Here are some good things to keep in mind when carrying out, or reading about, model comparison: 


  * The evidence is only linearly sensitive to prior volume, but exponentially sensitive to goodness of fit. The best way to determine which model makes the data more probable is to *get better data.*
  
  
  * This piece of common sense is reflected by both the probability theory and the behaviour of scientists: in practice, in the low signal to noise regime most model comparison proceeds via _discussion in the literature_.

# Things to keep in mind

  * If you don't believe your priors, or indeed your models, then it may not be very meaningful to compare evidences across models: it can be a distraction from things you care about more - such as accuracy, or cost. 
  
  
  * A section of the Bayesian astronomy community holds this pragmatic view

# Things to keep in mind

  * An oft-used phrase in evidence discussions is "garbage in, garbage out." 
  
  
  * However: the evidence is the $K$-dimensional marginalization integral of the likelihood over the prior, while most of the numerical results you put in your abstracts are $(K-1)$-dimensional marginalization integrals. _The degree to which you trust your evidence values should be commensurate with the degree to which you trust your other inferences._ 
  

# Things to keep in mind
  
 
  
  * The evidence appears in *second-level inferences*, when parts of your model that you previously considered to be constant now need to be varied and inferred.

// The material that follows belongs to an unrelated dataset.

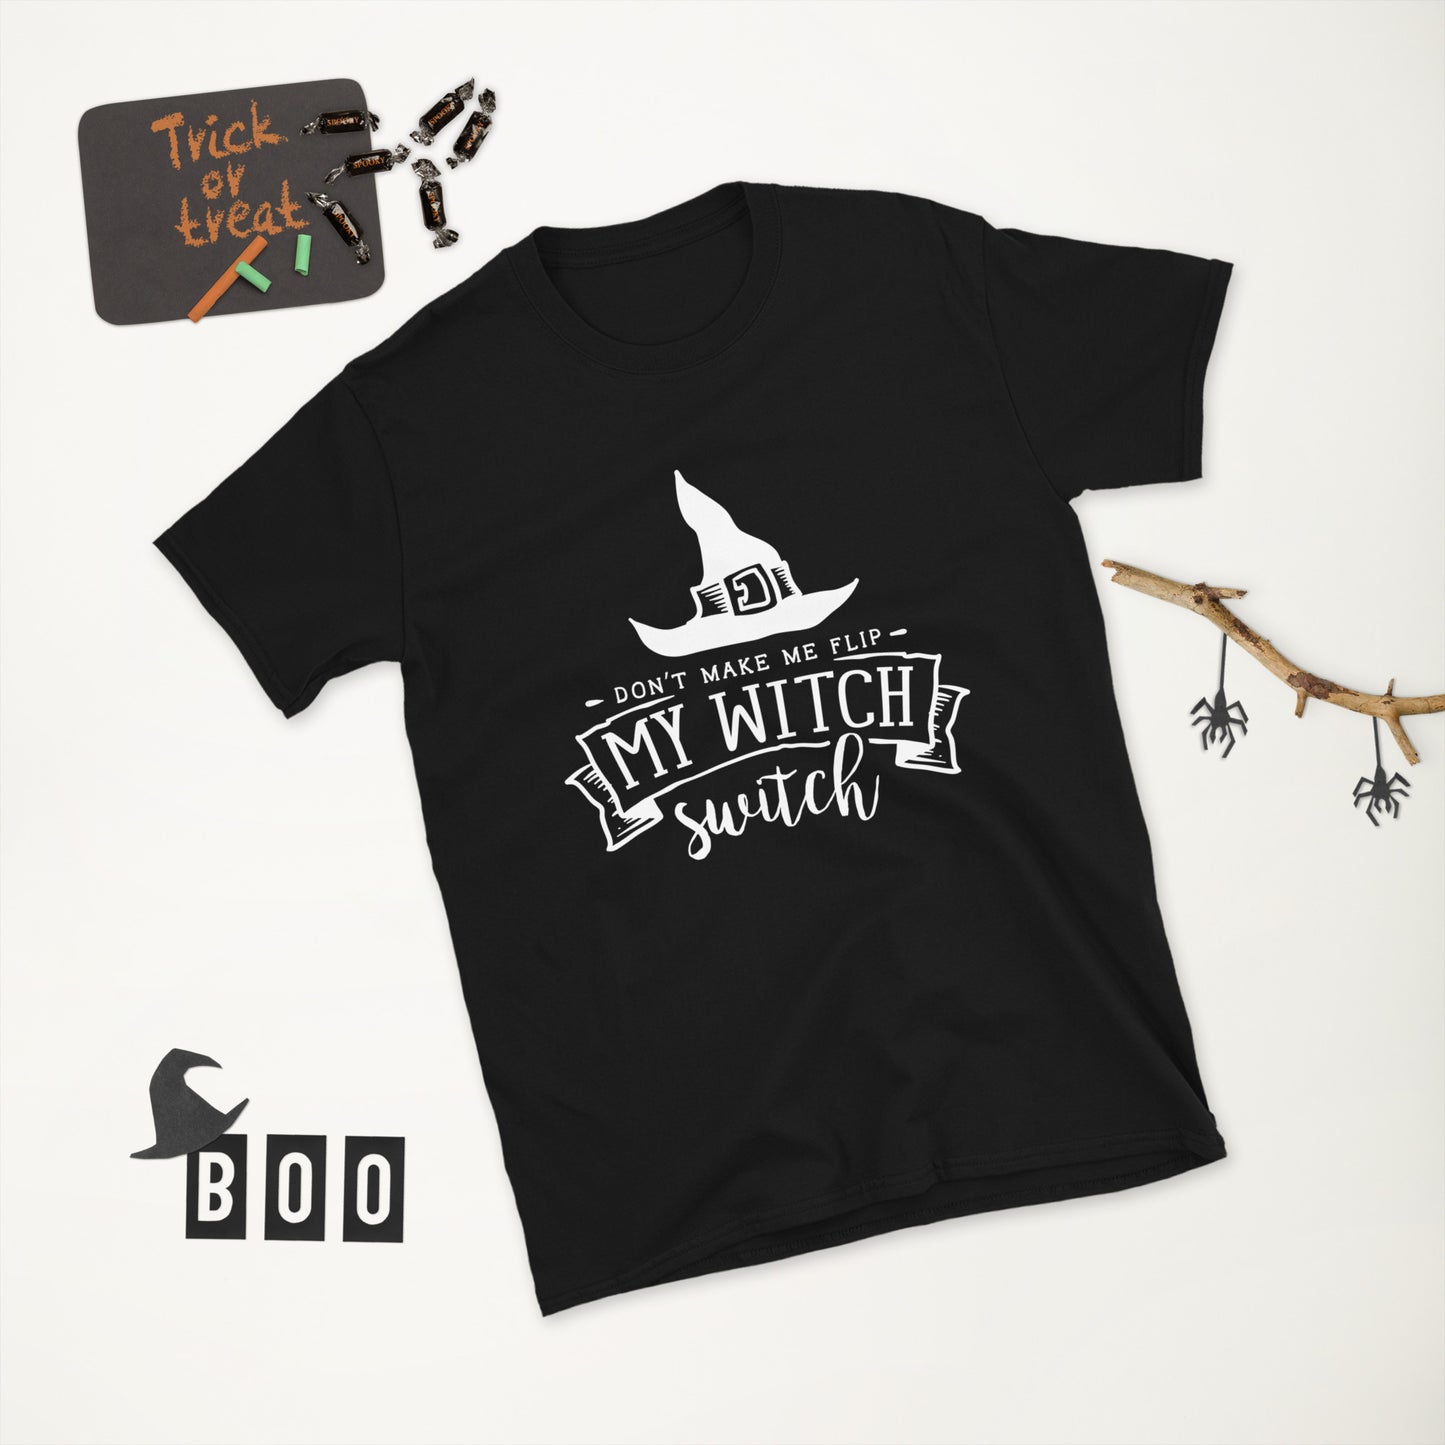 Don't Make Me Flip My Witch Switch Short-Sleeve Unisex T-Shirt.

The FML can be considered the likelihood for a *model* (as opposed to for specific parameter values).

In fact...

## Model Selection by MCMC

There exists an even more general form of Metropolis-Hastings sampling, called **Metropolis-Hastings-Green**. Among other things, M-H-G allows a chain to move among models with different dimensionality.

This means that, in principle, we can marginalize over uncertainty about what model is correct in exactly the same way that we marginalize over possible parameter values.

# Model Evaluation Summary

* It is necessary but not sufficient to write down our model assumptions: we must also test them.

* Model checking, for prediction accuracy (or "goodness of fit") is best first done _visually_, in _data space_.

* Posterior predictive checks, using well-designed test statistics and discrepancy measures, can then quantify the innaccuracy.

* The next step is typically model expansion: improving the model's ability to fit the data by changing its form, perhaps adding more parameters. 

* Comparing alternative models against each other can be done just with accuracy (via the check results), or with efficiency considerations as well.